## An anagram measure

Those like me with a love of the byways of the English language, or with a love of cryptic crosswords, will no doubt have collected over the years a private trove of single word anagrams. One of my favourites (because both words are common) is

ORCHESTRA, CARTHORSE

Clearly smaller words are likely to have more anagrams than longer ones:

OPST, POTS, POST, STOP, SPOT, TOPS

From the Anagrams FAQ comes this lovely example, of almost familiar words (at least, they are not scientific or technical terms):

INTERROGATIVES, REINVESTIGATOR, TERGIVERSATION

From an anagrams programming page:

ANGOR, ARGON, GORAN, GRANO, GROAN, NAGOR, ORANG, ORGAN, ROGAN

several of which are unfamiliar to me as English words. I’m not allowing proper names.

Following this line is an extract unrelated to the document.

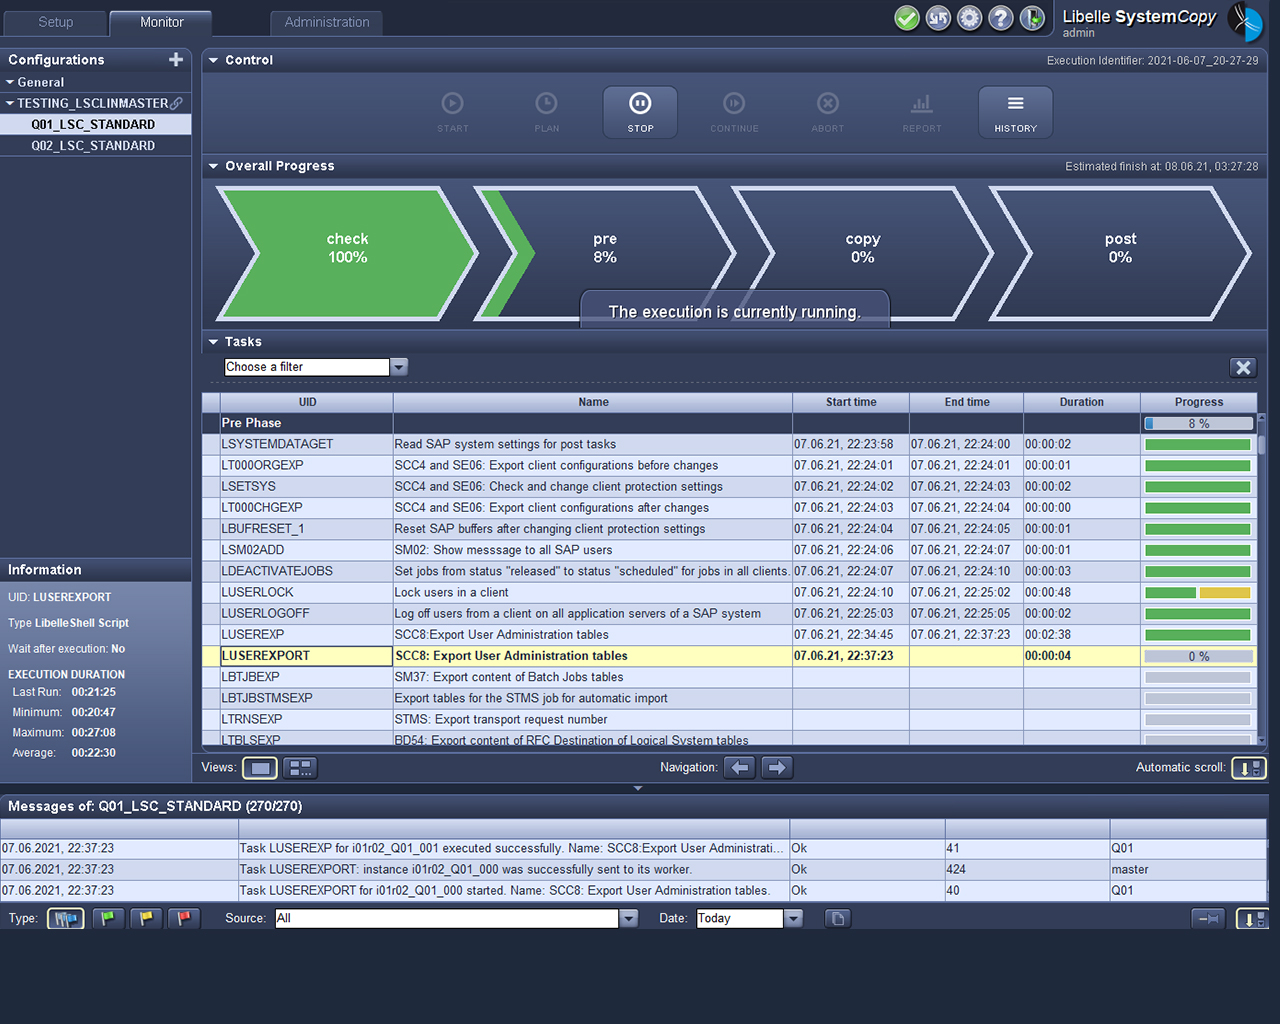 Libelle SystemCopy Frontend montre la pré-phase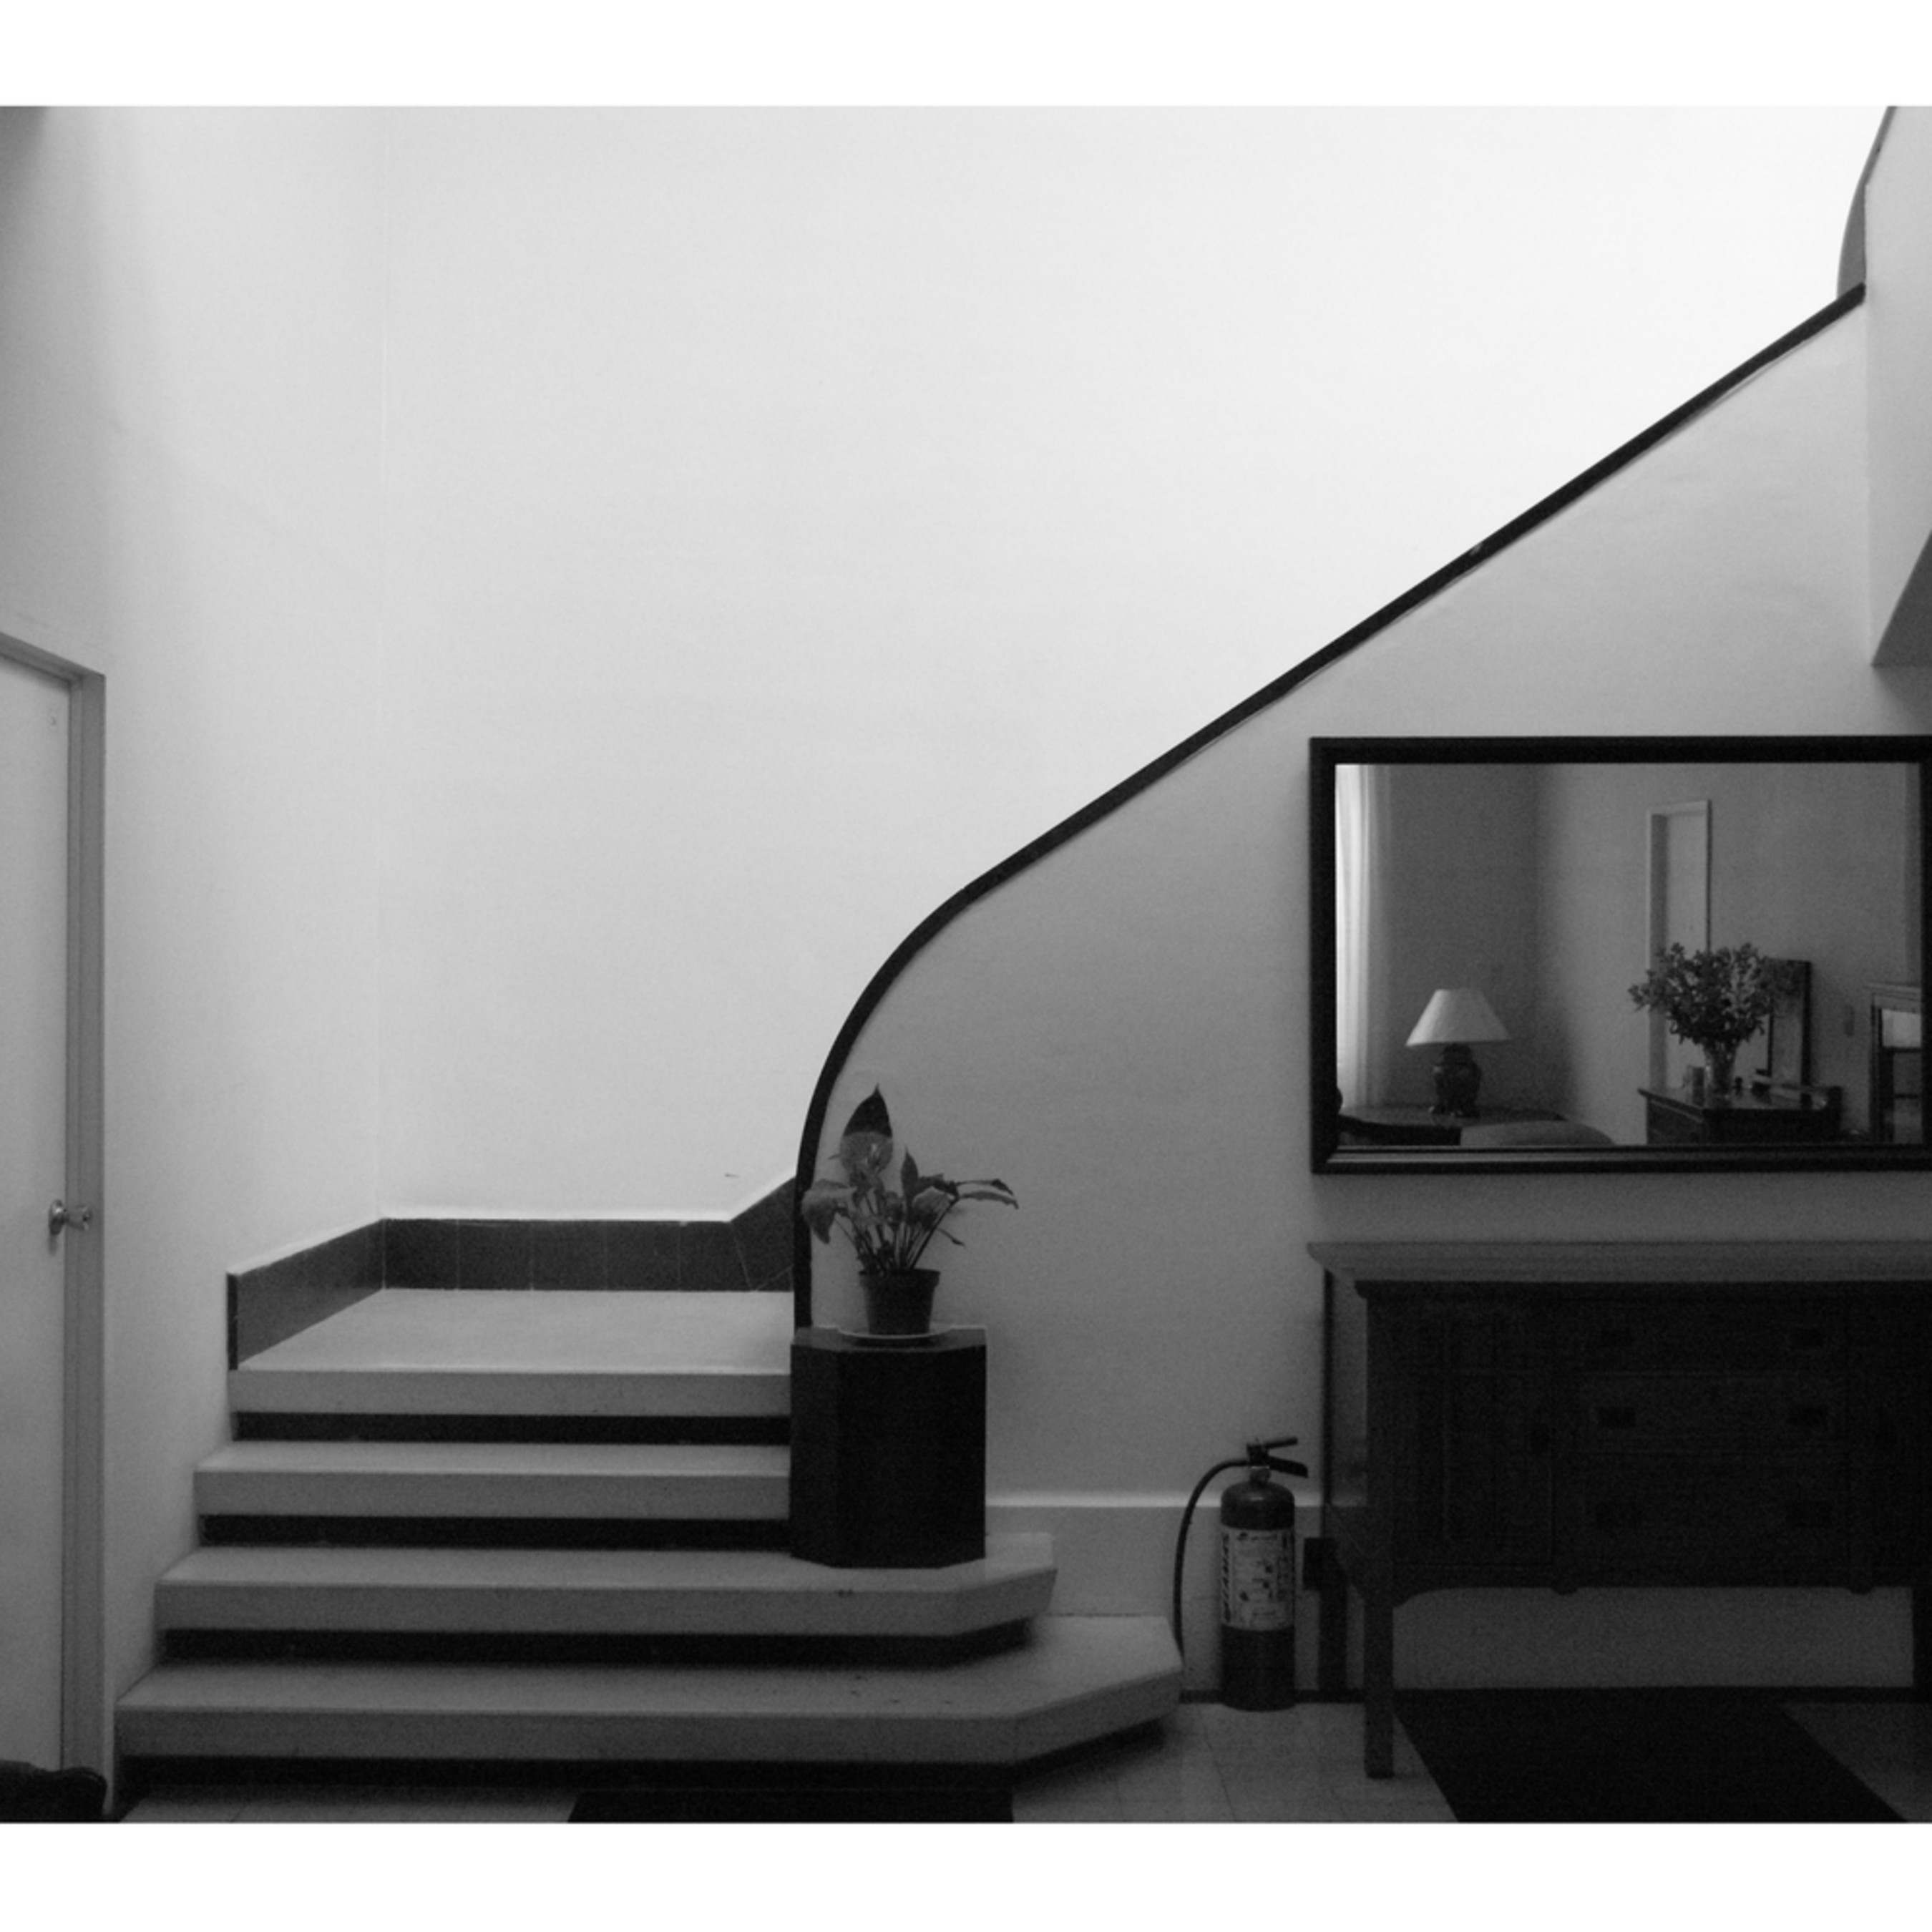 Mexico city b b stairs 9x12 rzmrym

How can we measure the “anagrammability” of a set of letters? Some account should be given to the number of anagrams, and to the length of the word. A long word with only two anagrams should get a higher score than a small word with many. Let $n$ be the number of letters, and $k$ the number of (single word) English anagrams. My anagrammability measure (discussed with my eldest son) is:

$(k-1)n^2$.

This gives a score of zero if there are no anagrams other than the word itself, and is weighted for large words.

With the examples above:

ORCHESTRA: 81
OPST: 80
INTERROGATIVES: 392
ANGOR: 200

According to the Anagrams FAQ again, the set of letters with the most one word anagrams is AEINRST with:

ANESTRI, ASTERIN, ERANIST, NASTIER, RATINES, RESIANT, RESTAIN, RETAINS, RETINAS, RETSINA, SAINTER, STAINER, STARNIE, STEARIN

for a score of 637. (I’ve never seen some of these words before, but apparently they can all be found in Merriam-Webster’s unabridged dictionary).

It’s not hard to experiment with anagrams in Sage; all you need is a wordlist, which you can read in, turn into a list and strip the trailing non-printing characters. You can download a list of 109582 words here, then save it as, say,

`words.txt`

.
Then:

```f = open("words.txt","r")
words = []
for i in nwords:
words.append(i.strip('\r\n'))
```

Then we can write a simple program which given any string, checks if each permutation is in the list we’ve just created:

```def find_anagrams(myword):
anagrams=[]
for i in permutations(myword):
anagrams.append(join(i,""))
for i in anagrams:
if i in words:
print i
```

For example:

```sage: find_anagrams('opst')
opts
post
pots
spot
stop
tops
sage: find_anagrams('aeirnst')
retains
retinas
retsina
nastier
stainer
stearin
sage: find_anagrams('organ')
orang
organ
groan
argon
```

Clearly this wordlist doesn’t include all the words listed earlier. Clearly also this method is hideously inefficient – it creates all the possible anagrams first, and then checks if each one is in the wordlist. A much better method, for words of say, 8 letters or longer, would be to first set up the wordlist into sublists of words with the same number of letters. Then for your entered word, you simply check if each word in your list is an anagram of your entered word.

And here’s how to do that. First we discover that the longest word in our list has 28 letters:

```words = [[] for i in range(28)]
for i in nwords:
li=len(i)
words[li-3].append(i.strip('\r\n'))
```

and a little procedure to test anagrams:

```def isanagram(w1,w2):
l1=list(w1)
l2=list(w2)
l1.sort()
l2.sort()
return l1==l2
```

and finally the program to find anagrams in our New Improved List:

```def find2_anagrams(myword):
lm=len(myword);
for i in words[lm-1]:
if isanagram(i,myword):
print i
```

A quick test of it:

```sage: find2_anagrams('retains')
nastier
retains
retinas
retsina
stainer
stearin
```

This is much faster than the first method.